In its response to the Department for Business, Energy & Industrial Strategy’s call for evidence on limited partnership law, the Society also called for any measures introduced to prevent criminals using Scottish limited partnerships (SLPs) also to apply to other types of business structures, to ensure that criminal activity is not simply displaced elsewhere.

The review follows media reports linking SLPs with international criminal operations as well as assisting tax avoidance by foreign nationals.

The Society's response also argues that concerns about SLPs could be addressed by a register of beneficial ownership, and that increased scrutiny of beneficial ownership could discourage use of SLPs as a vehicle for criminal activity without disproportionately prejudicing their legitimate use. Failure to update this information regularly could lead to the business being struck off by Companies House.

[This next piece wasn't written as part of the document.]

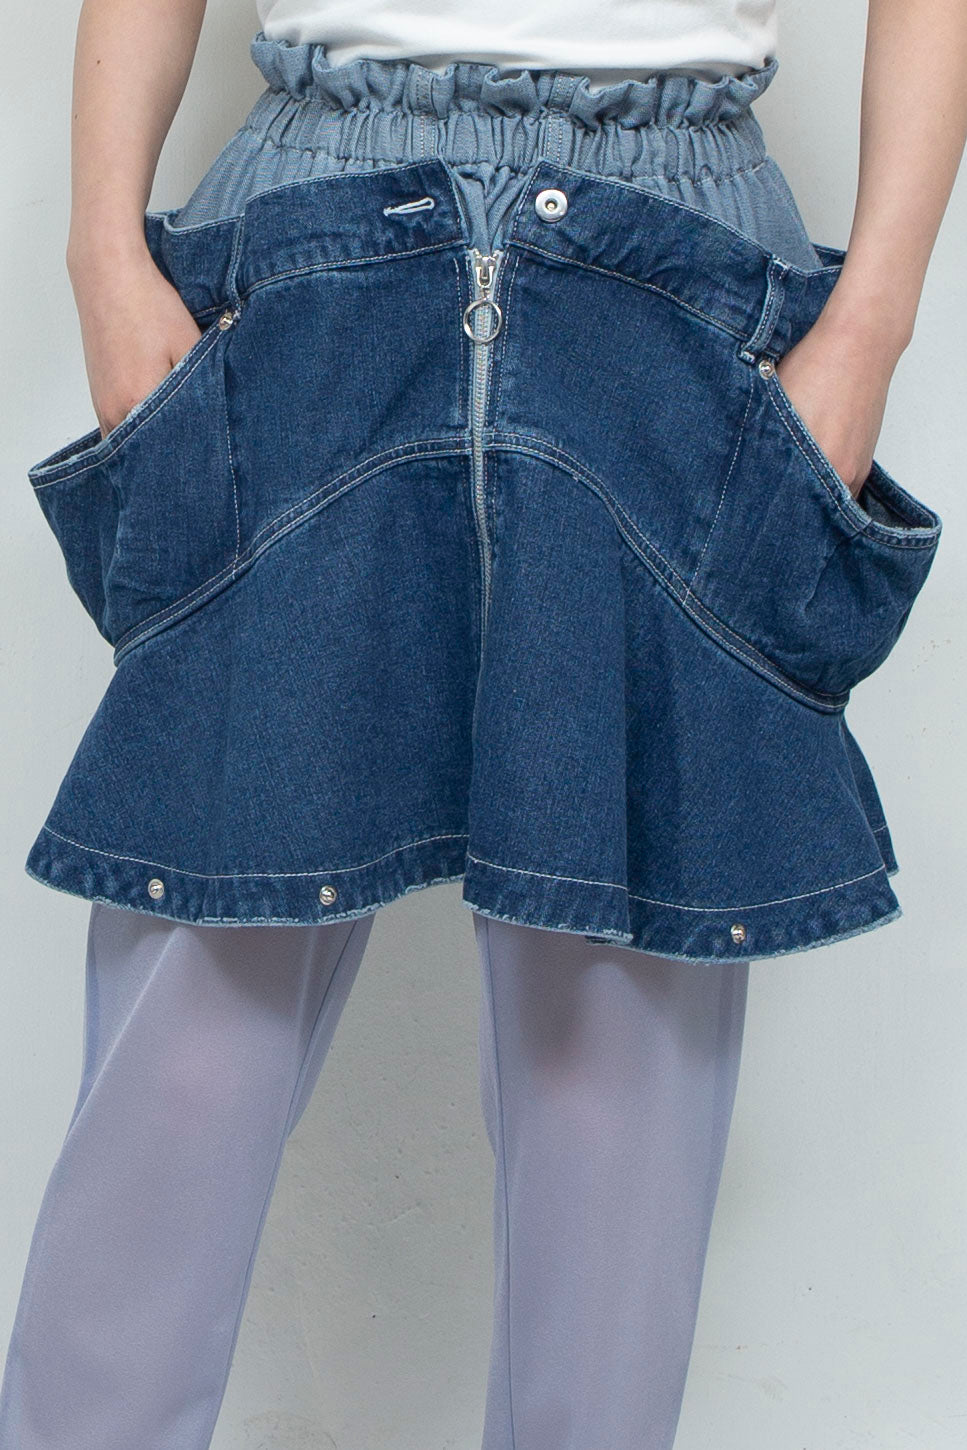 jean skirt tops blue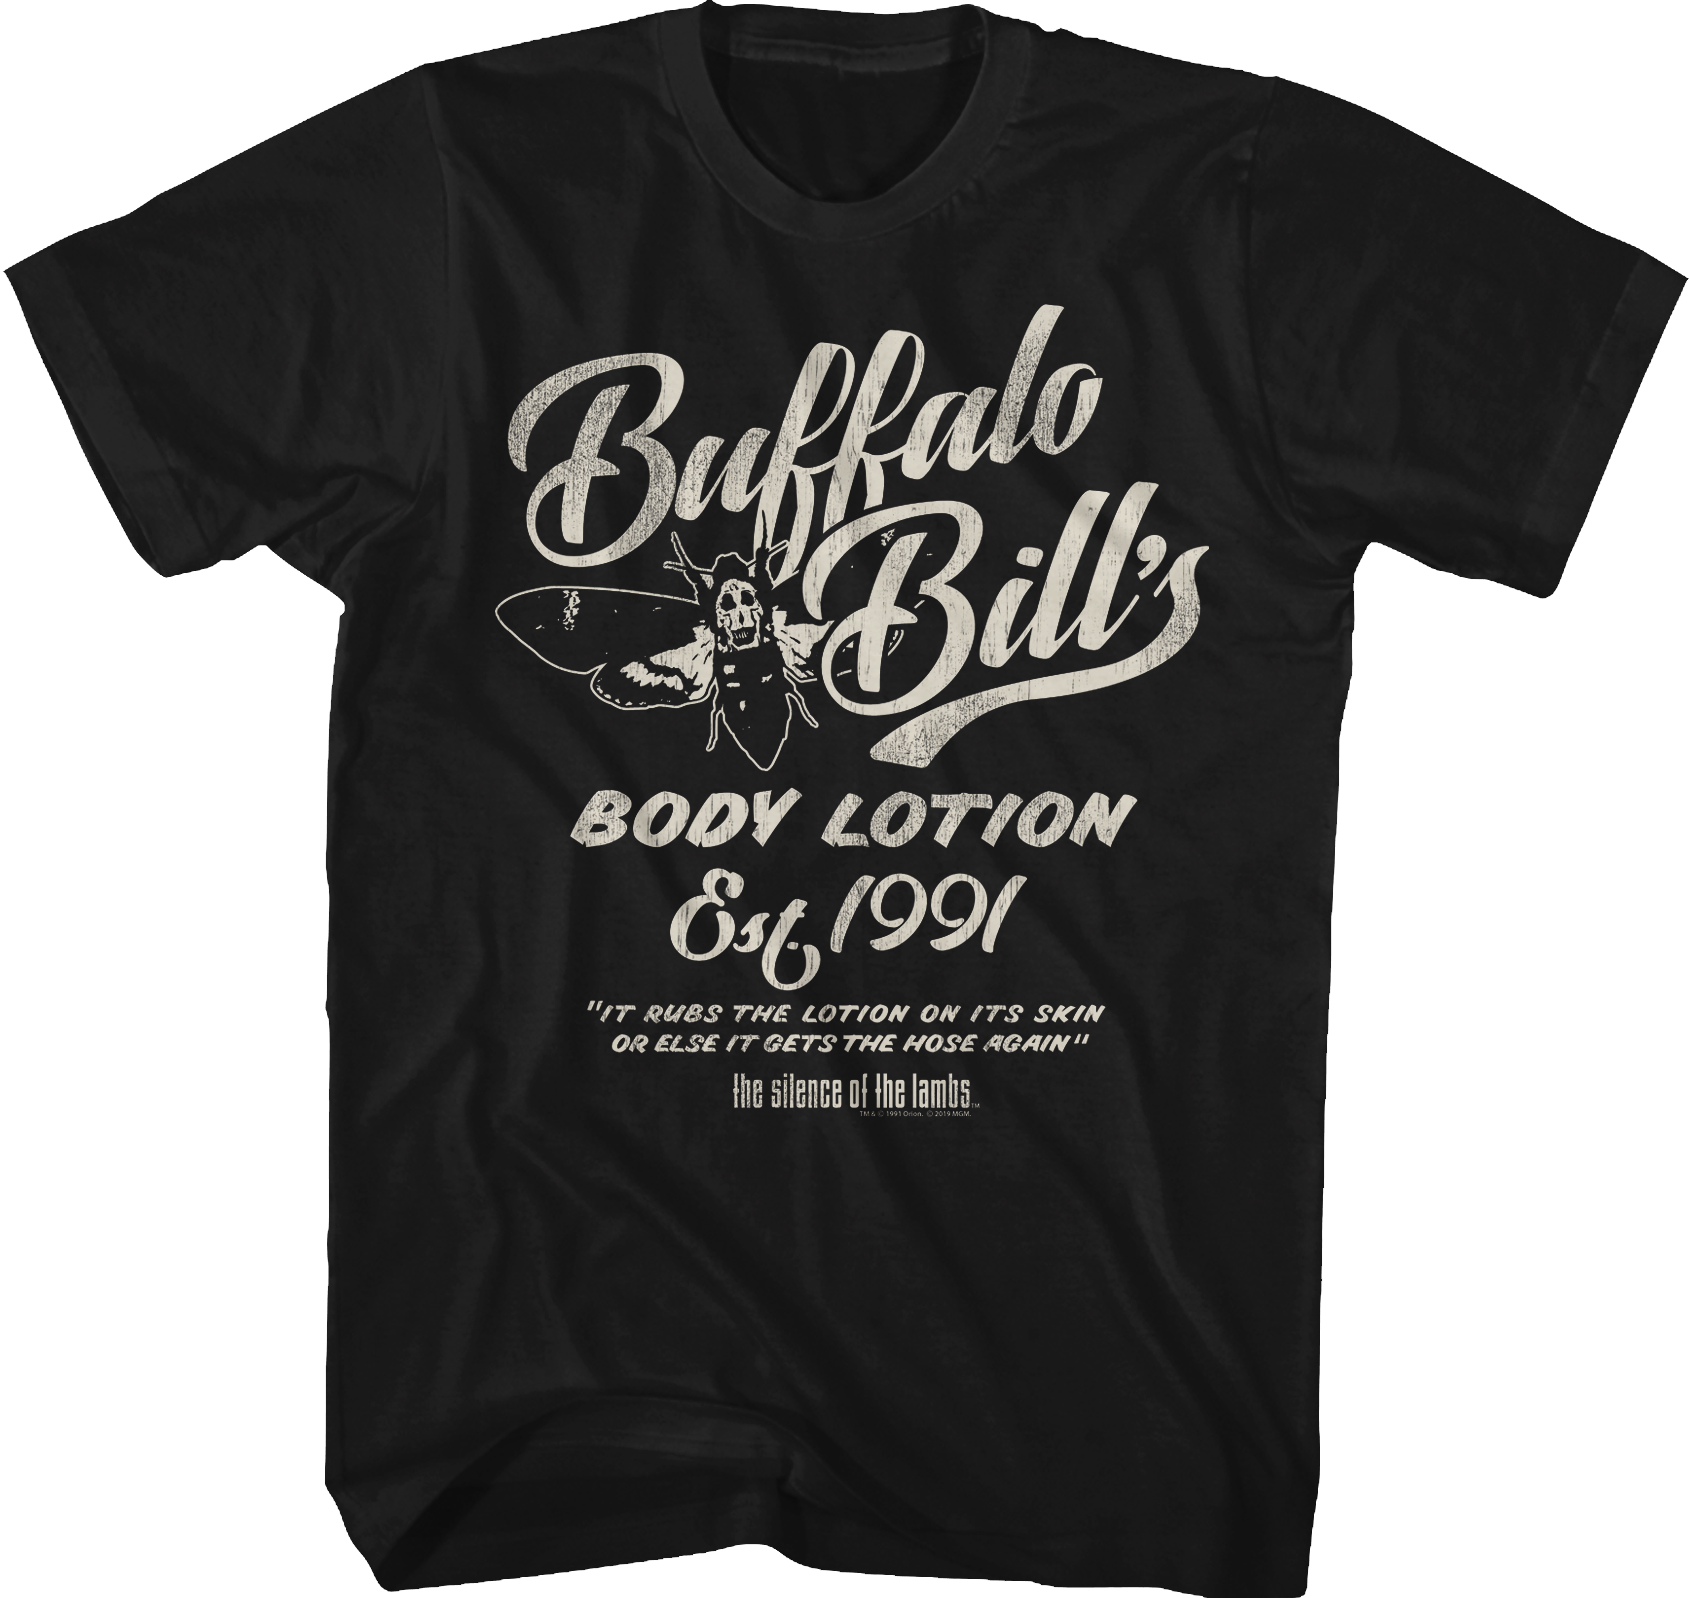 white buffalo bills shirt

Limited partnerships could also be required to submit an annual confirmation statement similar to that required by companies, and introducing a requirement to register a service address could also aid due diligence by interested parties.

Michael Clancy, director of law reform at the Society, commented: “We do not condone any criminal use of what is a legitimate business structure and it is essential that there are measures in place which will deter people from using SLPs for fraudulent activity.

“In taking steps to deter criminals, it will be important to get the balance right and make sure that the introduction of any new measures will not have an adverse impact on legitimate businesses. Partnerships and limited partnerships are commonly used business structures as they offer operational flexibility and tax transparency. Many people currently use SLPs to run successful businesses, employing thousands of people in different sectors across Scotland, and they have been common in farming and the rural sector as landlords have used SLPs to set up tenancies on agricultural land.

“A review of the current system would help to establish just how significant the problem is, and if SLPs in particular are being misused.”

The Society believes that any review should not just focus on SLPs, but on how all relevant legal business types might be misused for criminal purposes.

Mr Clancy added: “To prevent these entities being used for illegitimate purposes, we think that the UK Government should take action to ensure that anti-money laundering and ‘know your client’ actions are carried out by formation agents, who are regulated by HMRC, and there should be increased investigation and enforcement activity if required.

“Changing SLPs in isolation could displace any criminal activity, so proper use of anti-money laundering procedures and know your client actions should apply across the board irrespective of the form of the business.”